Objective of the Committee
- The main objective of the committee is to coordinate Individual, Voluntary Agencies and Indian Government’s efforts to rehabilitate and settle Tibetan Refugees.
- It also assists and promotes the upliftment of the poor, needy, backward, underprivileged individuals and making the Tibetan settlement viable and sustainable.
The Tibetan Parliament in Exile (TPiE)
- It is officially the Parliament of the Central Tibetan Administration.
- It is the unicameral and highest legislative organ of the Central Tibetan Administration, the government-in-exile of the Tibet Autonomous Region of China.
- It was established and is based in Dharamshala.
- The creation of this democratically elected body has been one of the major changes that the 14th Dalai Lama brought about in his efforts to introduce a democratic system of administration.
- The Tibetan Parliament in Exile is headed by a Speaker and a Deputy Speaker, who are elected by the members amongst themselves.
- Any Tibetan who has reached the age of 25 has the right to contest elections to the parliament.
- The elections are held every five years and any Tibetan who has reached the age of 18 is entitled to vote.
- Sessions of the parliament are held twice every year, with an interval of six months between the sessions.
India’s Tibet policy
- Simla convention: For centuries, Tibet was India’s actual neighbour, and in 1914, it was Tibetan representatives, along with the Chinese that signed the Simla convention with British India that delineated boundaries.
- Most of India’s boundaries and the 3500km LAC is with the Tibetan Autonomous Region, and not the rest of China.
- China’s full accession of Tibet in 1950: China repudiated the convention and the McMahon line that divided the two countries.

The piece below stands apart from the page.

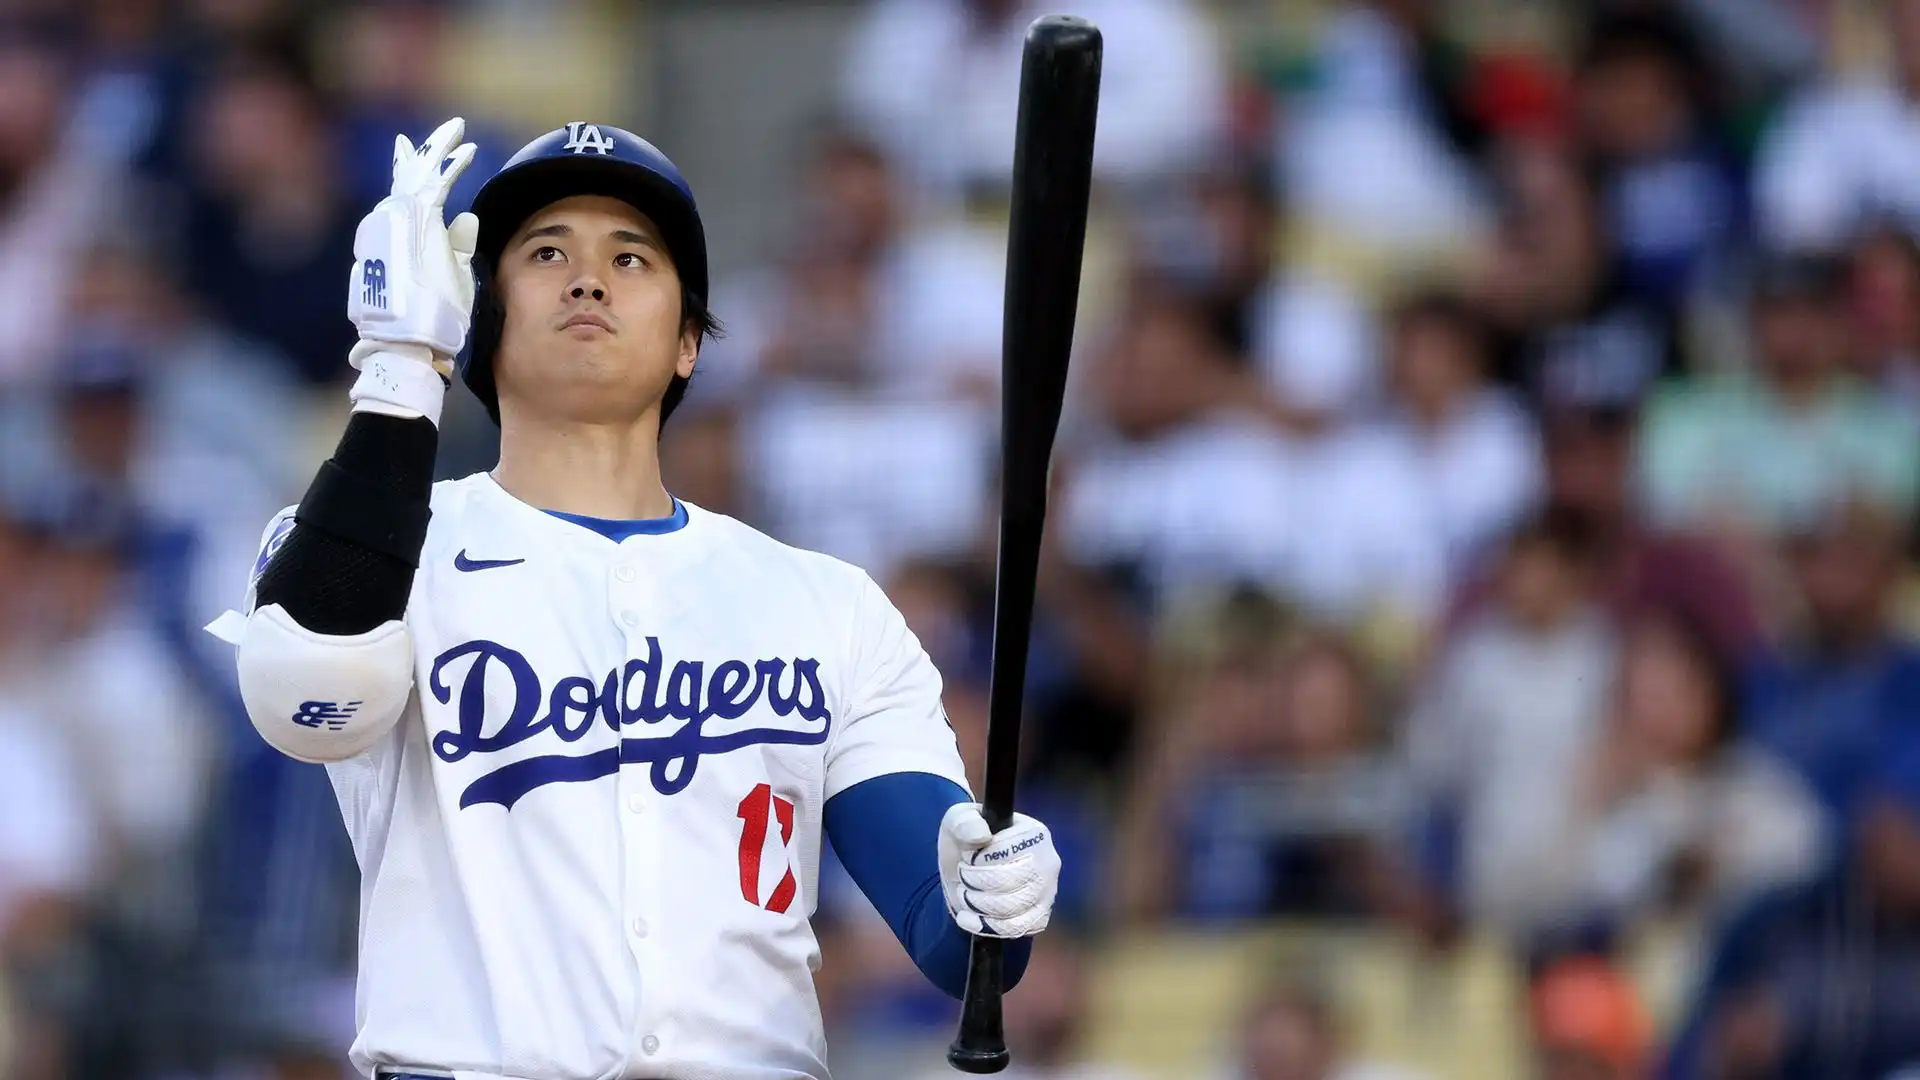 La stella dei Los Angeles Dodgers detiene il record per il maggior numero di home run per un giocatore giapponese, ed è destinato ad aumentarlo ulteriormente nei prossimi mesi

And in 1954, India signed an agreement with China, agreeing to trading terms on what it called the “Tibet region of China”.
- In 1959, when the Dalai Lama fled to India, PM Nehru gave him and Tibetan refugee’s shelter, and they set up the Tibetan government in exile, which continues to hold elections.

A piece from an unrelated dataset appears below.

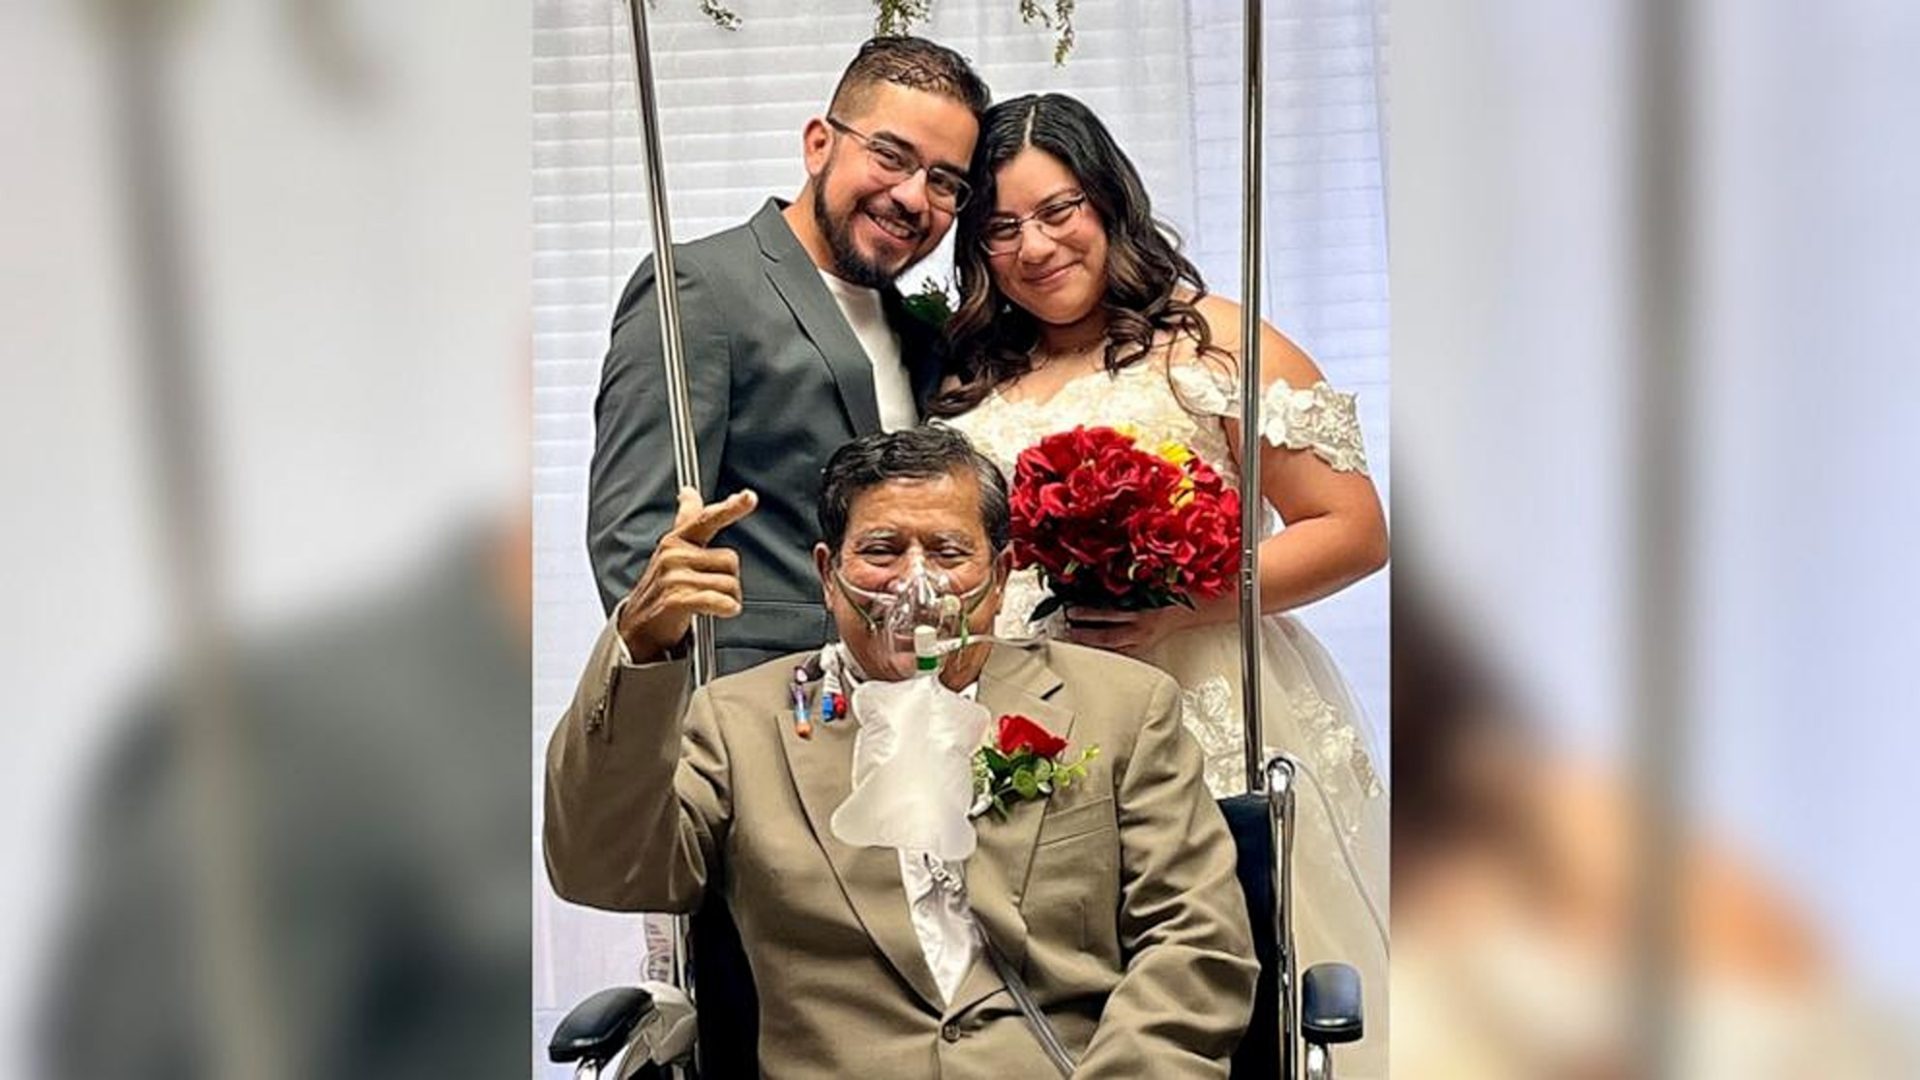 Bolnica organizirala vjenčanje kako bi umirući otac mogao gledati svoju kćer kako kaže

- But the official Indian policy is that the Dalai Lama is a spiritual leader, and the Tibetan community in India, with more than a lakh exiles, is not allowed to undertake any political activity.

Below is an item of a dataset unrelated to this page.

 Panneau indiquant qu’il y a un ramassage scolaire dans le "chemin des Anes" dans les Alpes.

Recent changes and Shift in the Policy
- Changes in Tibet itself: Over the past few decades, the Chinese government has moved to change Tibet in many ways. From pouring in investment, infrastructure projects, to pouring in Han or mainland Chinese, in an effort to Sinicize the population.
- There’s Chinese dams on the upper riparian areas of the Brahmaputra, and construction of Tibetan villages along the LAC, particularly along Arunachal Pradesh boundary, which can prove to be a future flashpoint aimed at bolstering Chinese claims of territory.
- Tibetan Militia groups: As India-China tensions grow and turn violent after the Galwan deaths, China has begun to raise Tibetan Militia groups, while the Indian Army trains the Tibetan Special Frontier Force, which could lead to the frightening albeit unlikely spectre of Tibetans on both sides fighting each other at some point in the future.
- Citizenship to Tibetans: There is then the question over the future of the Tibetan community in India that the government doesn’t give citizenship to Tibetans born in India after the cut-off year of 1987, leaving the youth of the community completely in limbo, living in segregated communes in different parts of India.
- Role of US: the US has also increased its role, by accepting more Tibetan refugees, with an estimated 30,000 now residing there. Most prominently, the Karmapa Lama, the head of the Karma Kagyu sect, who took Dominican citizenship, also resides permanently in the US now.
- The larger question is over the succession to the 86-year-old Dalai Lama, who has been not only the spiritual leader and the leader of the Gelugpa sect of Tibetan Buddhism, but the political leader of the community worldwide.